Database Crash and Corrupt

Posted: Wed Dec 18, 2013 3:42 pm
by mikew
I am working on a Nagios XI server 2012R2.5 which was running fine until last night the / partition filled up and the database crashed. I do not know where several GB of data came from....still have to figure that out. But no one can login.

I have checked the MySQL database nagios and it was corrupt but I fixed that with the --repair option and mysqlcheck. The nagiosql database came out OK. (I used the script in XI to fix the MySQL databases) However, I expect that the postgresql database is a problem as no one can login. What is the best way to fix that database?

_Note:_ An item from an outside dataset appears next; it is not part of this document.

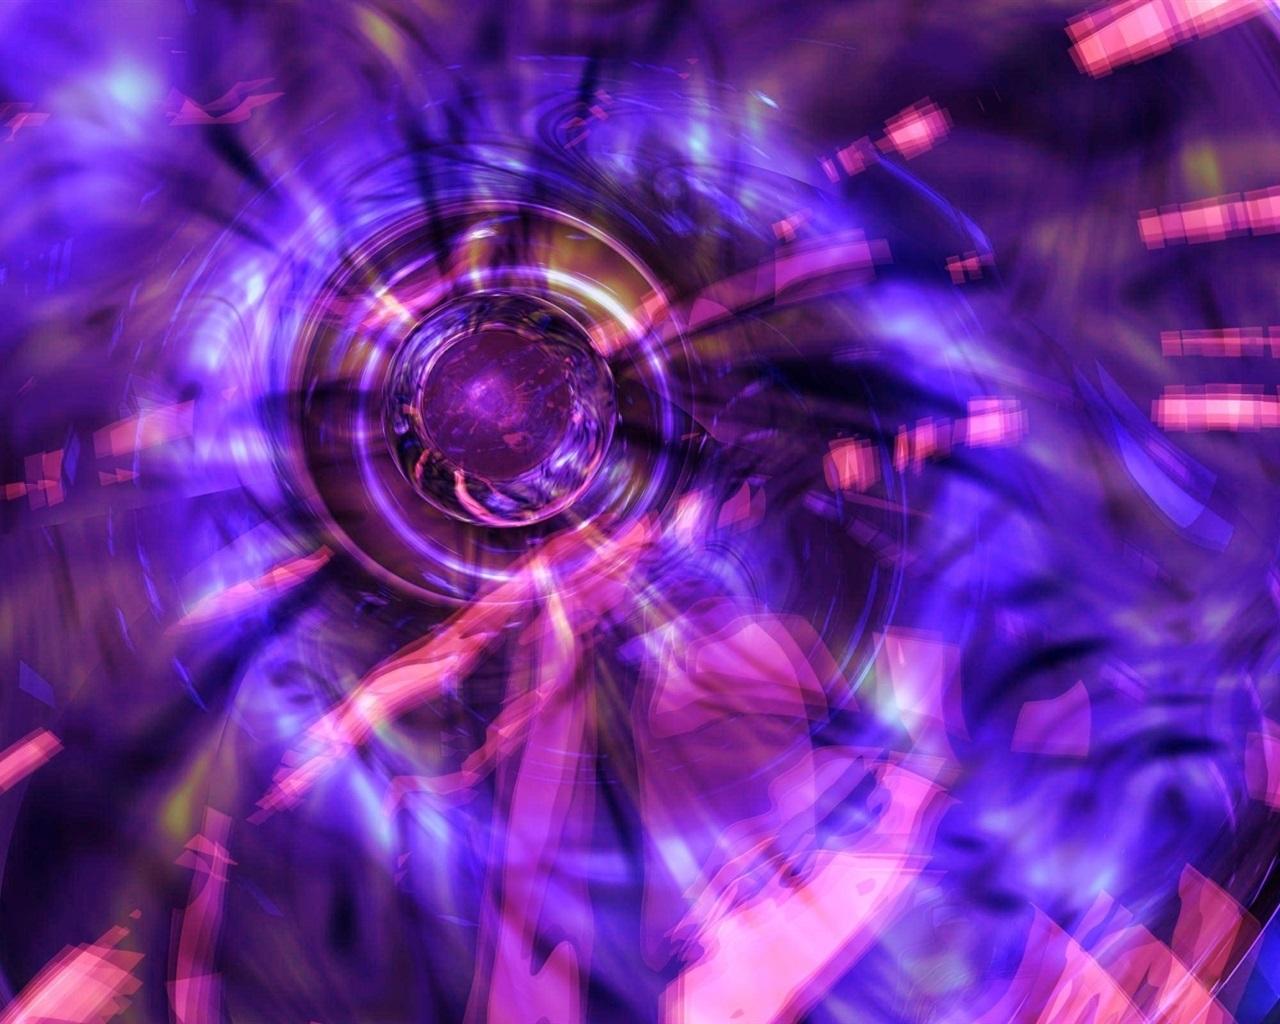 Fondo De Pantalla Abstracto Flores Y Circulos: Luz De Círculo Púrpura, Abstracto Fondos De Pantalla

I do have backups, just wanted to fix it first.

I am now seeing other issues:
* the permissions on /usr/local/nagios/var/rw/nagios.cmd are:
-rw-rw-r root:nagcmd

The nagios.log shows it is bailing out because the permissions are wrong on this file...as the named pipe is not working.

So I know the permissions are wrong. I have deleted all lock files in the /usr/local/nagios/var/ directory and restarted but permissions return incorrect. I have restarted the server...no help.

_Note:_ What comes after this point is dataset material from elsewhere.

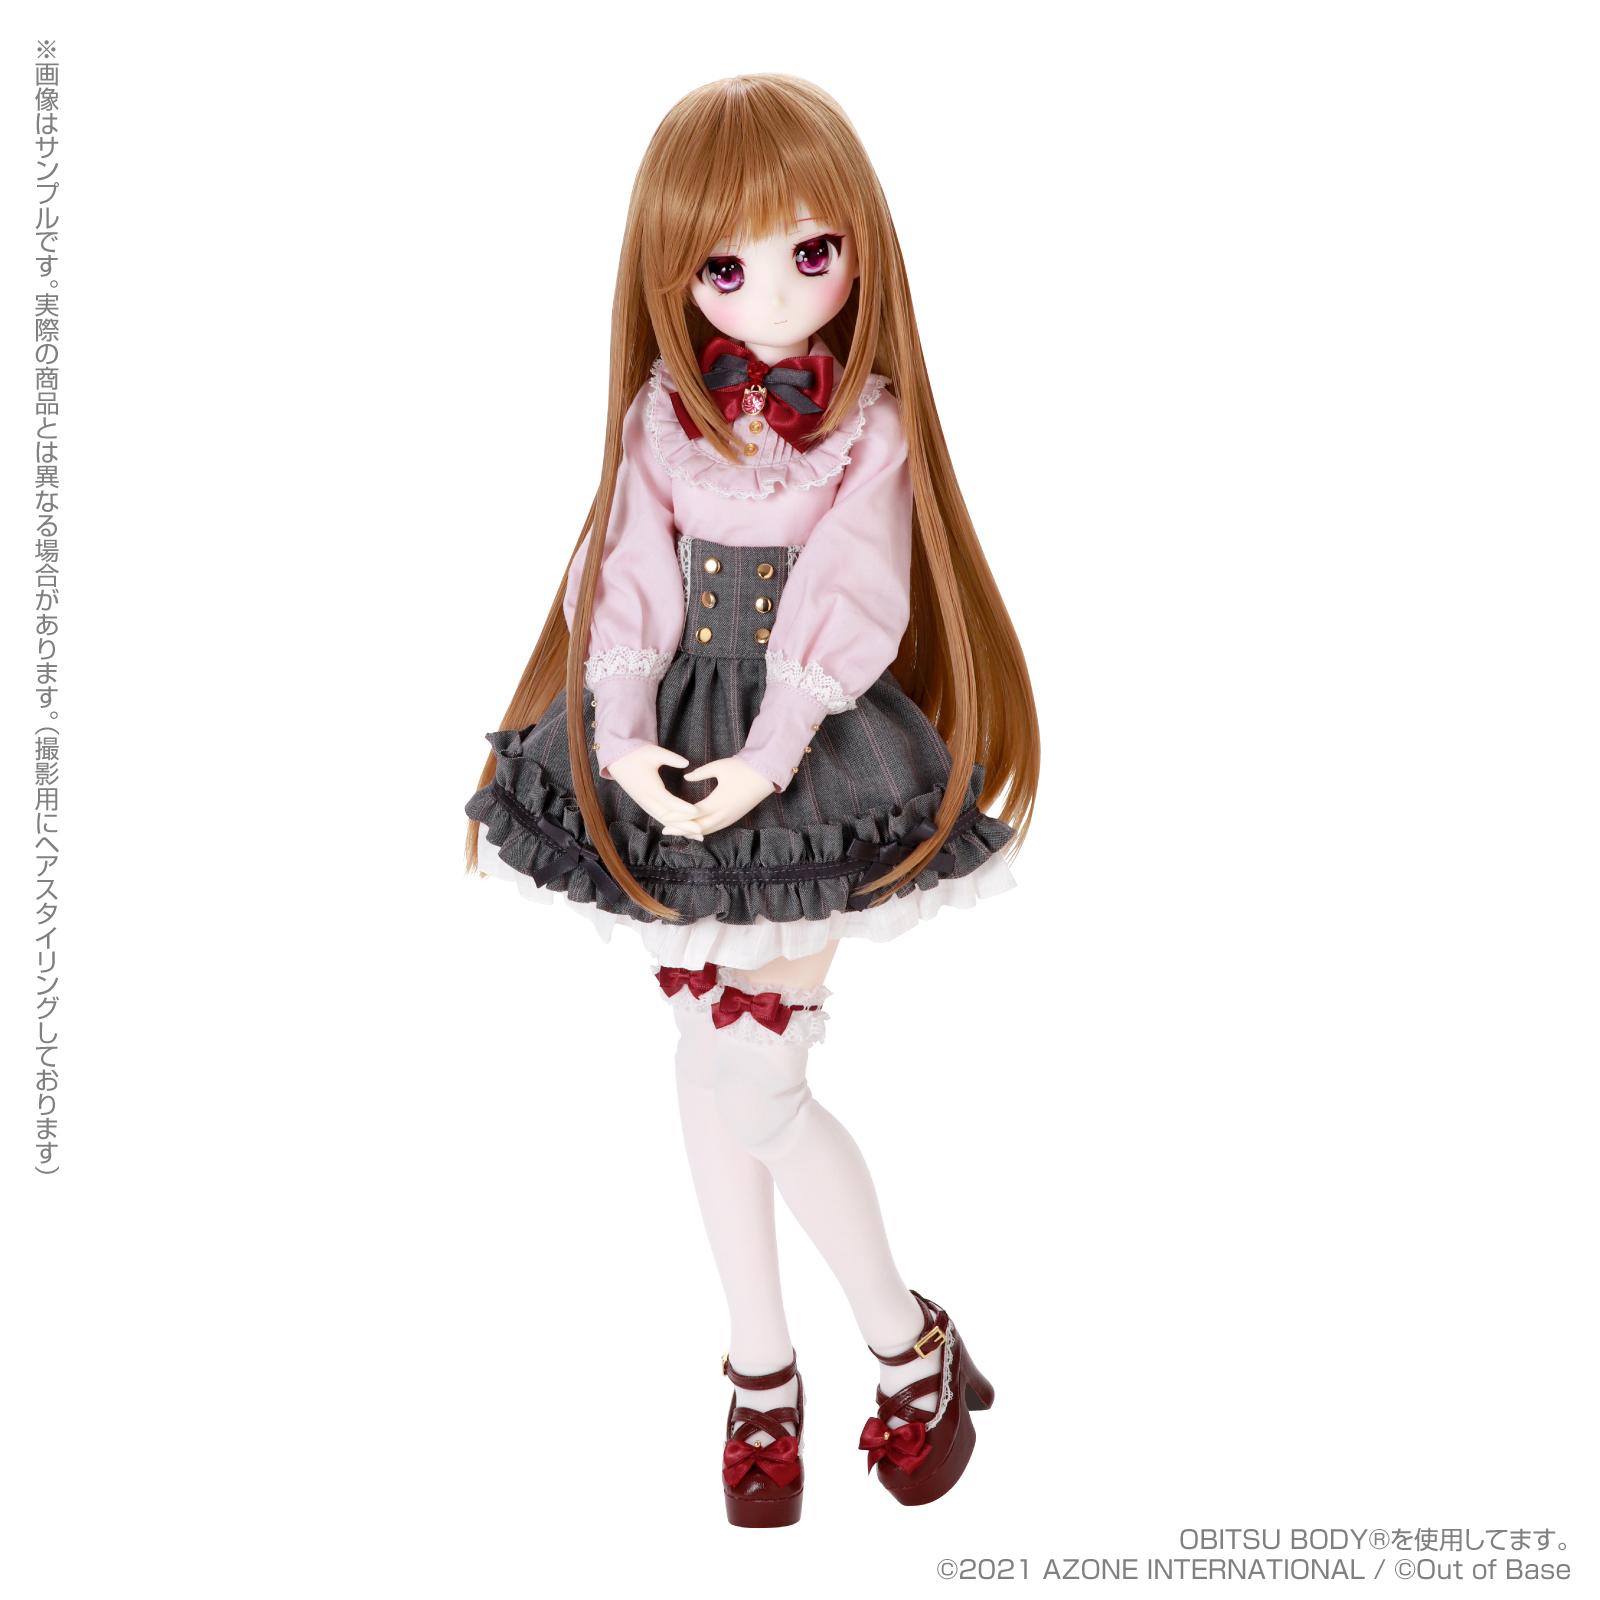 【再販】Iris Collect petit『すずね/~Wonder fraulein~Goth×Loli cats(通常販売ver.)』アイリスコレクト プチ 1/3 完成品ドール-018

System is a CentOS 6.x 64-bit
32 vCPU and 12 GB of RAM

Re: Database Crash and Corrupt

Posted: Wed Dec 18, 2013 4:57 pm
by abrist
Are you still out of space, or did you increase the provisioned disk size? If it is still full, we need to clear up space before we do anything else.

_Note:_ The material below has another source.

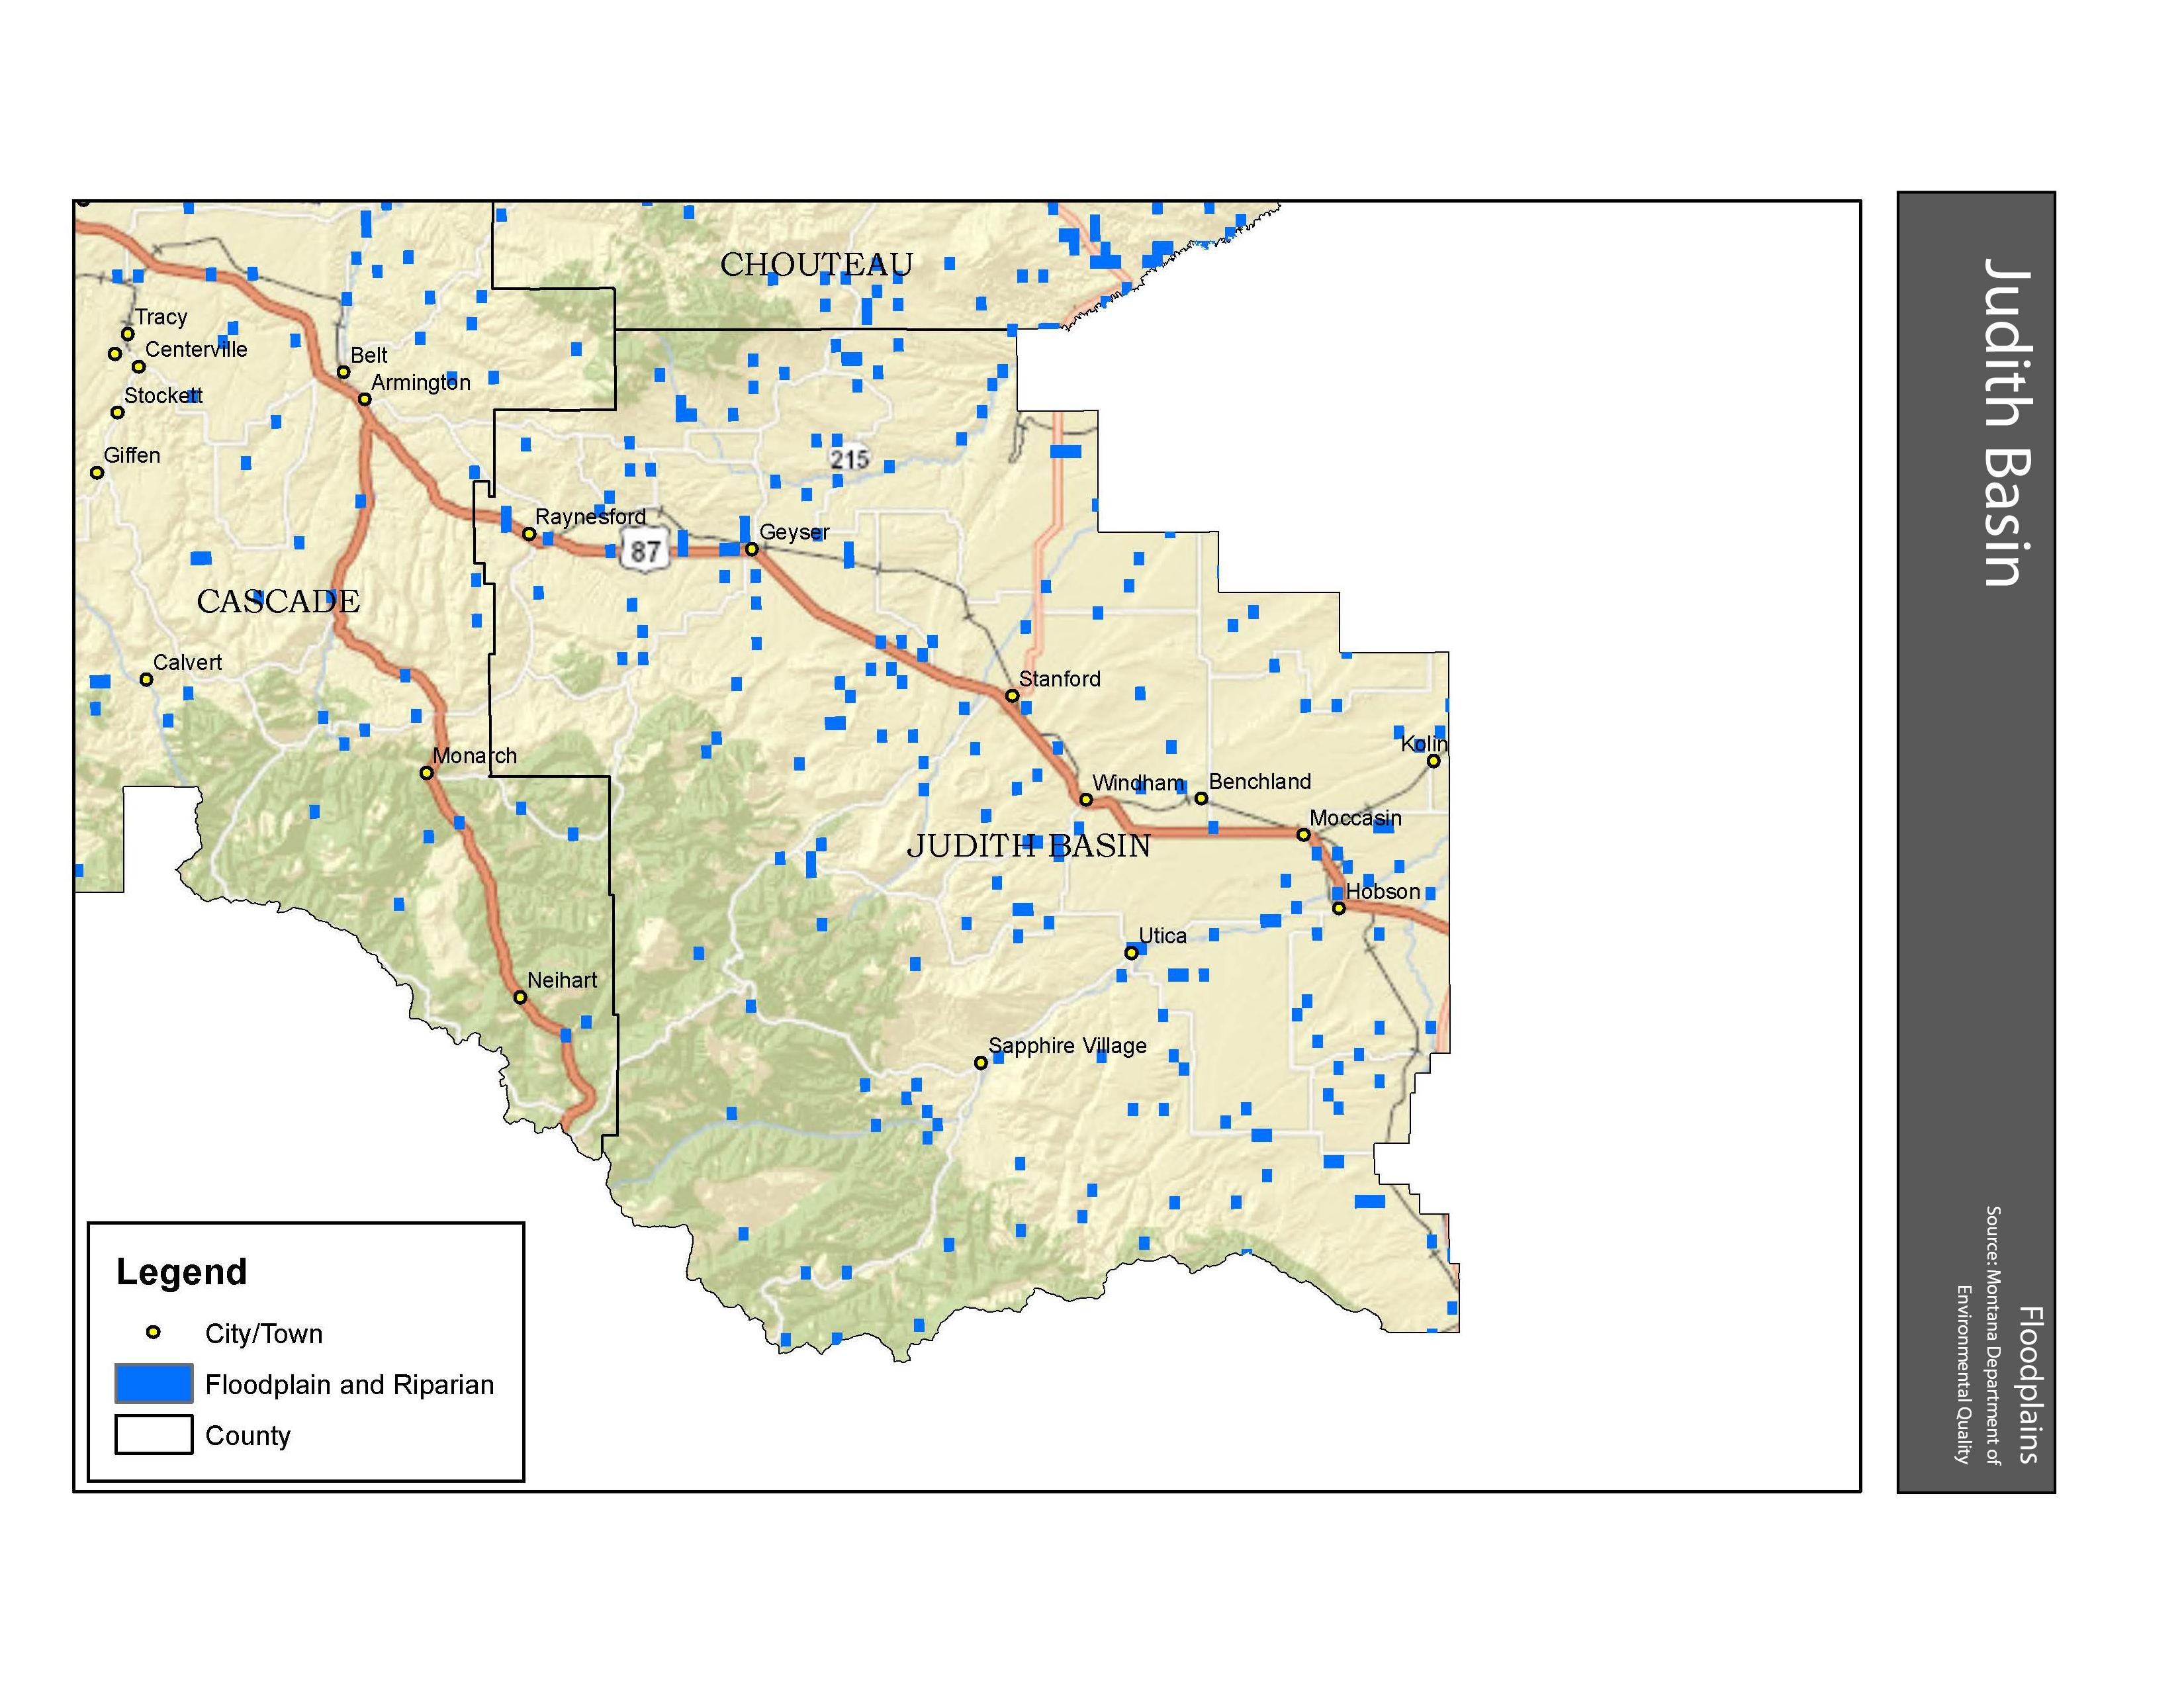 Floodplains Judith Basin County

Re: Database Crash and Corrupt

Posted: Wed Dec 18, 2013 4:58 pm
by mikew
It has space now.

grep nag /etc/group
nagios:x:501:nagios,apache
nagcmd:x:502:nagios,apache

Each time nagios is started the permissions on nagios.cmd go back to

-rw-rw-r root:nagcmd

Which of course means it will bail and not work.

Re: Database Crash and Corrupt

Posted: Wed Dec 18, 2013 5:05 pm
by abrist
The command pipe permissions should be:

Code: Select all

prw-rw---- 1 nagios nagcmd 0 Dec 18 13:10 /usr/local/nagios/var/rw/nagios.cmd
To change the permissions:

Code: Select all

cd /usr/local/nagios/var/rw/
mknod /usr/local/nagios/var/rw/nagios.cmd p
chown nagios:nagcmd nagios.cmd
chmod 660 nagios.cmd
ls -la
service nagios restart

Re: Database Crash and Corrupt

Posted: Wed Dec 18, 2013 5:13 pm
by mikew
As soon as I remove the file it is recreated by some process. I have done a killall -9 nagios


So I have nagios running with the right permissions:

I had to write a script to remove and then set permissions.

BUT..no one can login still....

I am now able to login to nagios core but not XI

Re: Database Crash and Corrupt

Posted: Wed Dec 18, 2013 5:45 pm
by abrist
Do you have a umask set on the system? Or selinux running?

Code: Select all

umask
getenforce
Additionally, did you reboot the server after clearing space? I ask because that is often the easiest way to make sure your services come up. I am available tomorrow to elevate this to a remote session if need be.

Re: Database Crash and Corrupt

Posted: Wed Dec 18, 2013 5:49 pm
by mikew
No selinux, this is a system that has been running for 6 weeks with no problems. The crash has damaged the postgresql database I think.

Re: Database Crash and Corrupt

Posted: Wed Dec 18, 2013 5:51 pm
by abrist
You an attempt to run a vacuum on it:
http://support.nagios.com/wiki/index.ph ... .22_in_log

Re: Database Crash and Corrupt

Posted: Wed Dec 18, 2013 6:02 pm
by mikew
So I did those commands....no joy.

Re: Database Crash and Corrupt

Posted: Wed Dec 18, 2013 7:12 pm
by mikew
I was able to get back in by using this script:

/usr/local/nagiosxi/scripts/reset_nagiosadmin_password.php --password=xxxxxx

However, my fear is that there are more permission issues here so I will do some checking and report back if I find anything more.

Note: When this happened no account would work.